10 Parenting Tips I Have Learned in the Past 3 1/2 Years
I want to start by saying I am be now means the perfect parent, trust me. We all make mistakes. These are just some things I have learned throughout the past few years either from my own experiences or other moms.
1. You can never love your children too much. This piece of advice came from my mom. She told me this the day Sophia was born. This helps me in many ways throughout my day. This helps me to take my time when reacting to my girls in any way. Sometimes, they just need a hug and a kiss.
2. Let your children have a “moment” or a tantrum. We call them moments because I felt tantrums sounded so negative and there is nothing wrong with our children needing a few minutes to be upset. I simply make sure they are in a safe place and let them have a moment or two. Now, I do ignore these moments but I still calmly let them kick and scream. I always let me girls know whenever they are finished I am ready for a hug. Just the other day Isabella was kicking and screaming on the floor of the playroom because I wouldn’t let her do something and Sophia looks at me and says, “Mom, she just needs a moment”.
3. Take a moment for yourself. Sometimes, when one or both of my girls are doing something that displeases me I need to step back and take a minute before I react. I know if I react out of anger my message is not going to get received in the same way. I always try to make sure that when I am disciplining there is a lesson being learned. I never want to discipline out of anger. Trust me, sometimes I make this mistake and then I hate myself for it.
4. Use timeouts sparingly. I first want to say every child is different and what works for one may not work for another. I know everyone has their own opinion about whether to use timeouts and how to use them. For us timeouts work best when we only use them if we feel no other form of discipline would work. I prefer to take things away then give a timeout. With the ages of my girls I try to make the conscience go with the action. I feel my girls learn better that way. Now, I have to say Steve likes timeouts a lot more then I do. If we do use timeouts we always make sure to talk to our girls about what happened and what could have been done differently next time. We try to let the girls do the talking. We want them to learn to problem solve.

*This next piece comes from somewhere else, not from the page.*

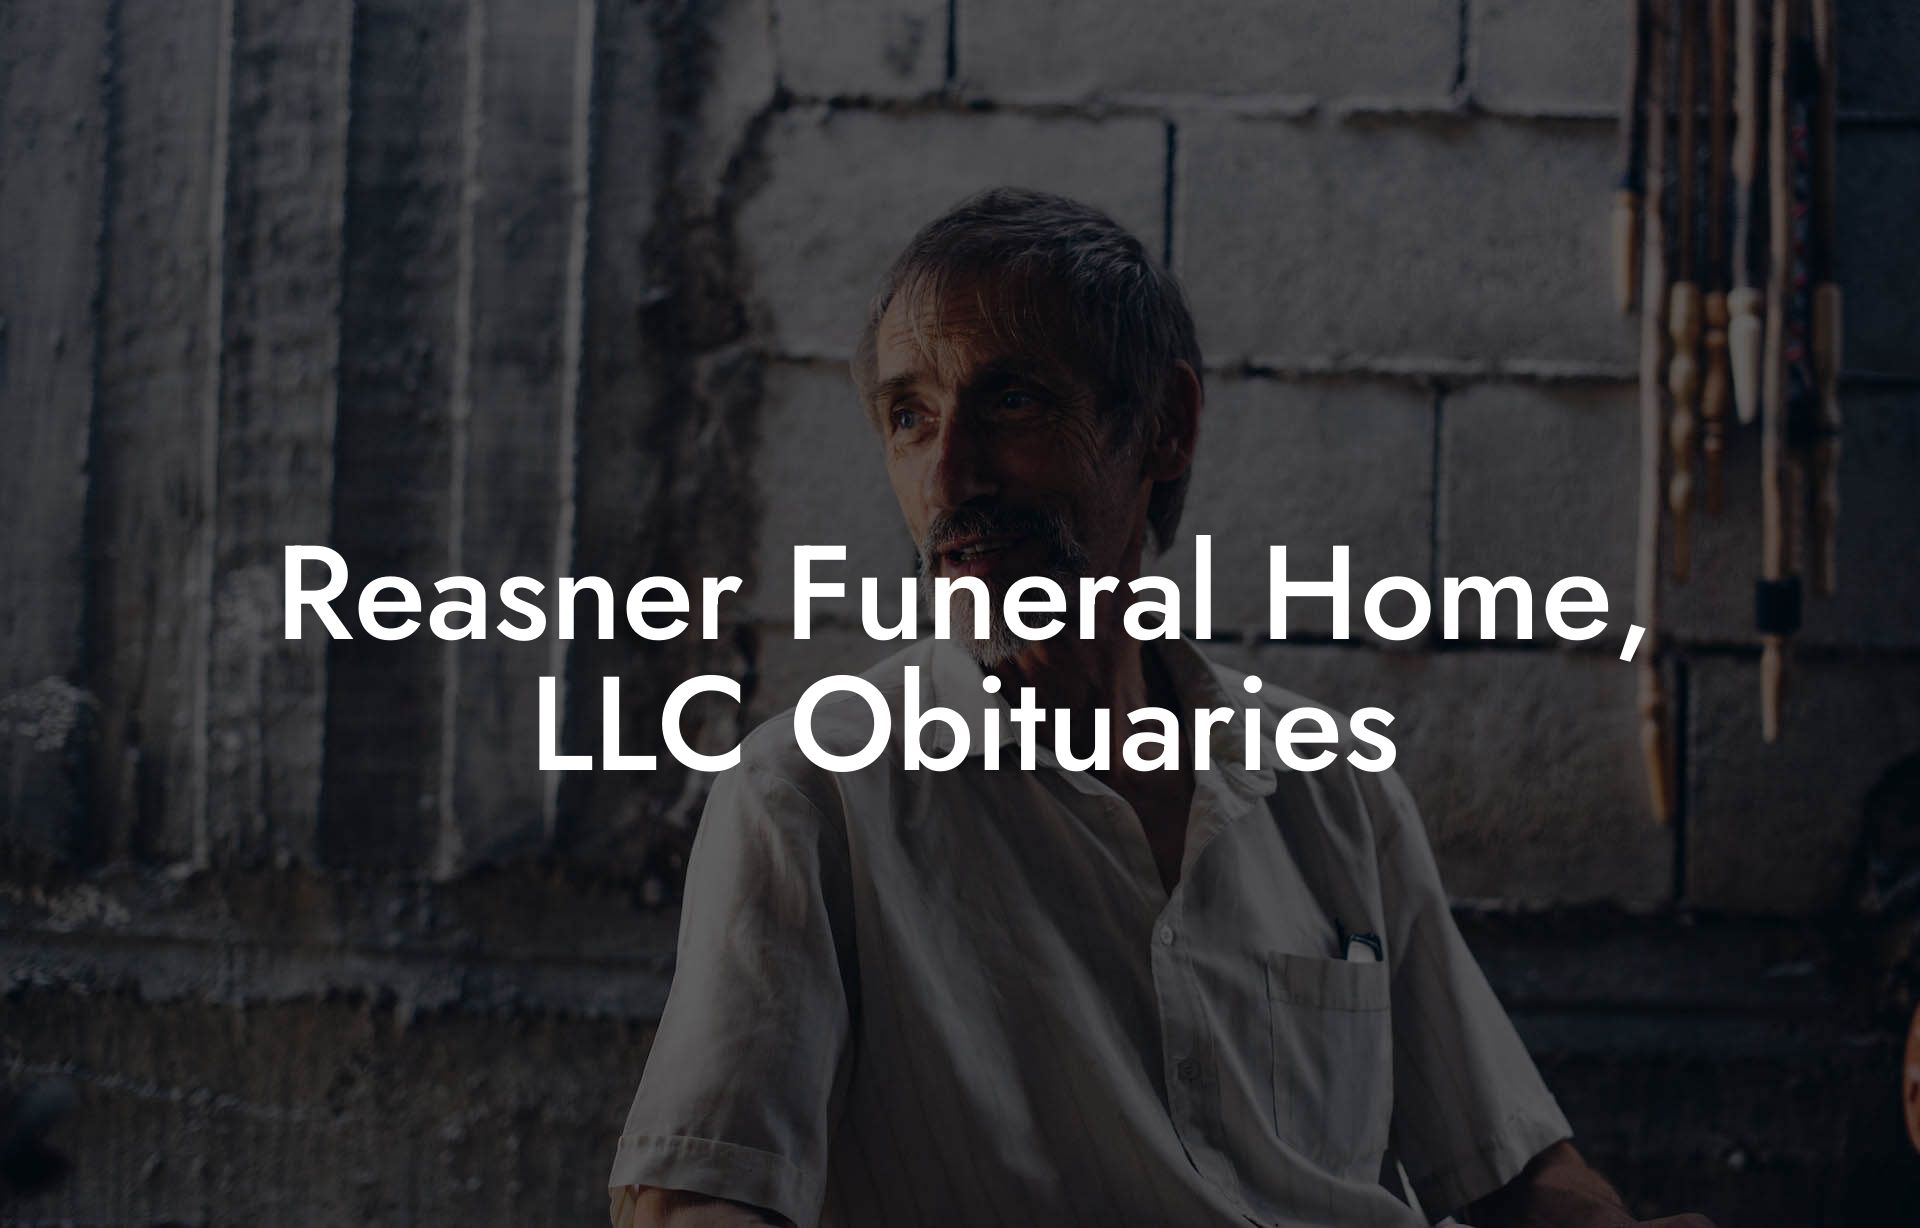 Reasner Funeral Home, LLC Obituaries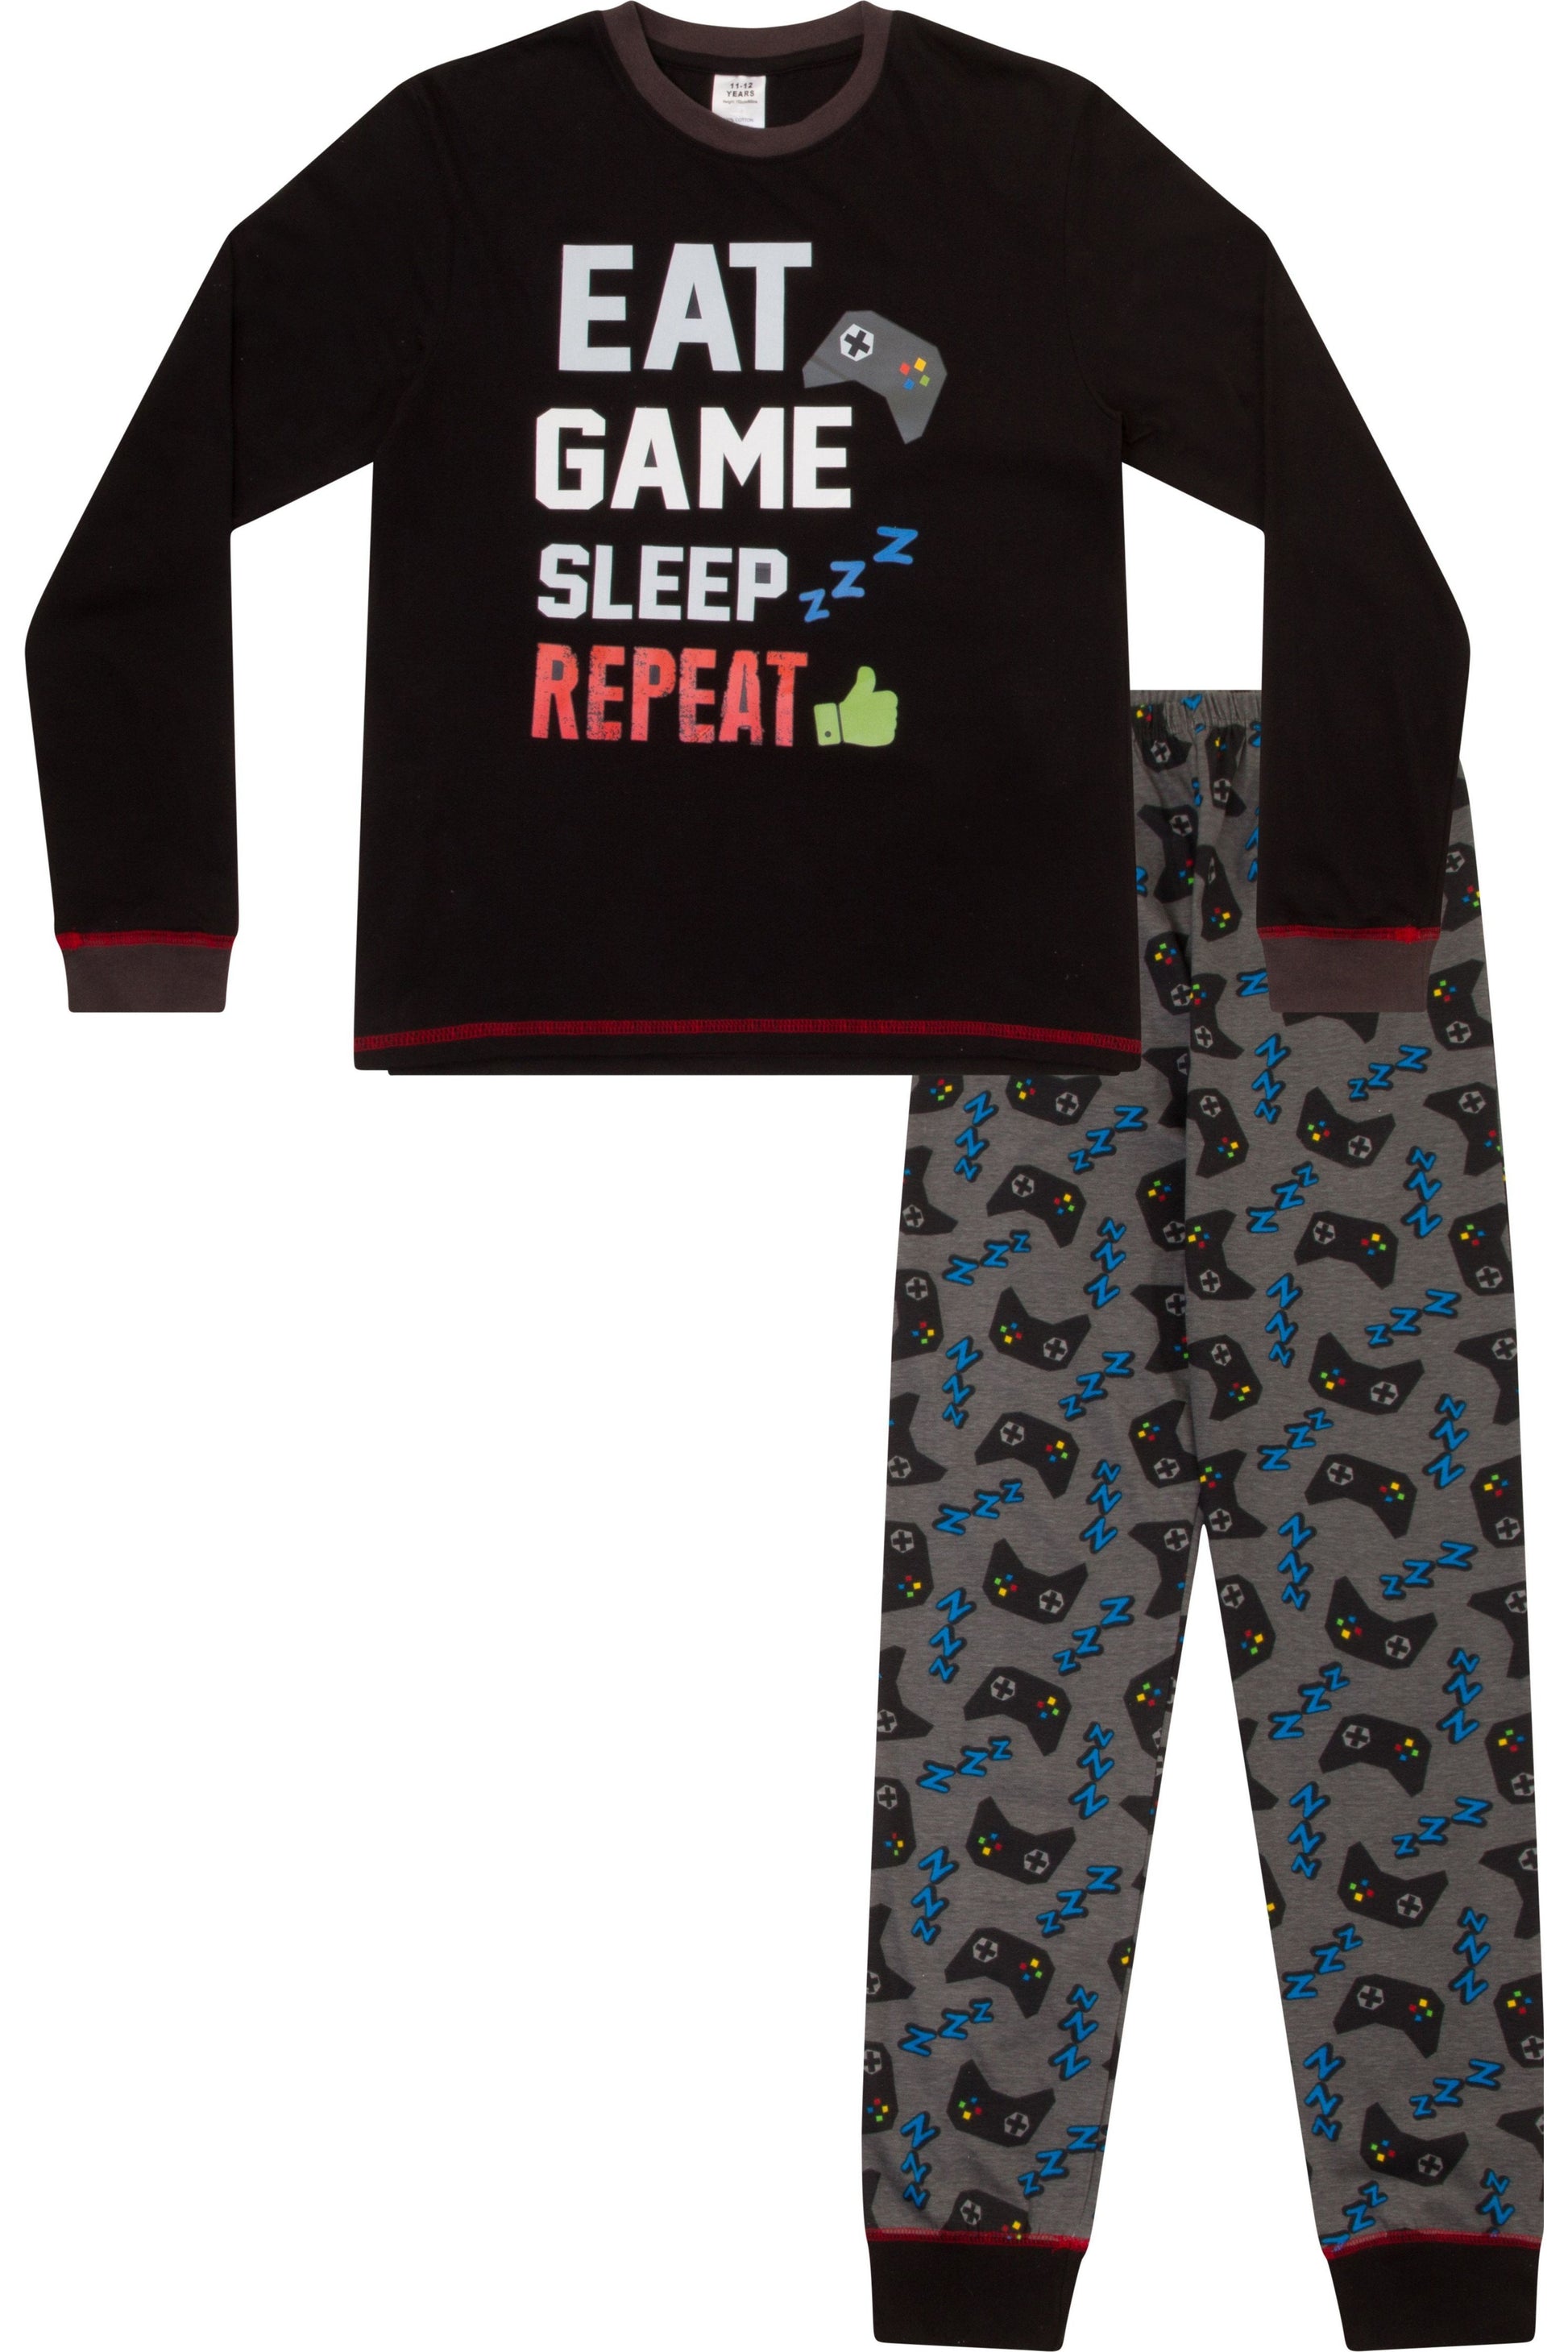 Boys Eat Game Sleep Repeat Long Pyjamas - Pyjamas.com

5. Sometimes everyone just needs to take a breath. When either of my girls is in the heat of the moment I simply tell them to breathe. Since, Sophia is 3 1/2 she really gets this and she will pause from her yelling fit, take a breathe, and start over. I use this one a lot when I don’t like someones tone. I really try to teach my girls how to calm themselves down. I want my children to be able to control their tempers.
6. Listen to your heart. This is another piece of advice that came from my mom. She always told me no matter what I did in life to listen to your heart. But now that I am a mom it means even more to me. This helps me get through a lot of difficult parenting situations. We all know being a parent is the most difficult job. We also know that our children mean more to us then anything else in the world.
7. Take time and listen to your children. I really try and do this all day, everyday. Our children can teach us so much about life, love, and happiness. My girls know that no matter what I always have time for them. They know there is always time for hugs and kisses.
8. Enjoy being with your children and let them know. Try to choose activities that you and them like to do. This really helps build a relationship.
9. Be silly. This is something we do a lot in our house. We are three pretty silly girls. This one goes really well with number 8. Kids love to be silly and they love to laugh. The girls and I are always dancing, singing, and just being silly. We love to giggle. Just writing this one out make me smile, I simply began thinking about all of our happy moments together.
10. Choose happiness. Our children know if we are happy or not. Our children feed off our temperament. Now, I am not saying our children can never see us sad or upset, it is good for them to see all of our moods. I am simply saying try to choose happiness whenever possible. I am a huge believer in we make our own happiness. We choose to be happy or not and our children are really good at knowing how we are feeling.
I have one extra one.
11. Let go of perfection. I have learned the best thing we can do as parents is to not try to make our children or our lives perfect. There is really no such thing and it can make for a really difficult life. I will tell you before I had children I always said my children are never going to be dirty and they are always going to look perfect and my house was always going to be clean. Ha. Who was I kidding. That is truly no way to live and really we can’t put that kind of pressure on our poor children. My mom always laughs when Sophia goes out with bedhead and Isabella has a messy shirt and my house has toys everywhere. Hey, that’s life!
I have also learned that no two children are the alike and what works for one child may not work for another. So, from my experiences the best thing we as parents can do is live and learn. We are all going to make mistakes, but as long as we learn from them we are doing an amazing job. I know we can be very hard one ourselves. So, try to give yourself a break and remember all our children want is to be loved.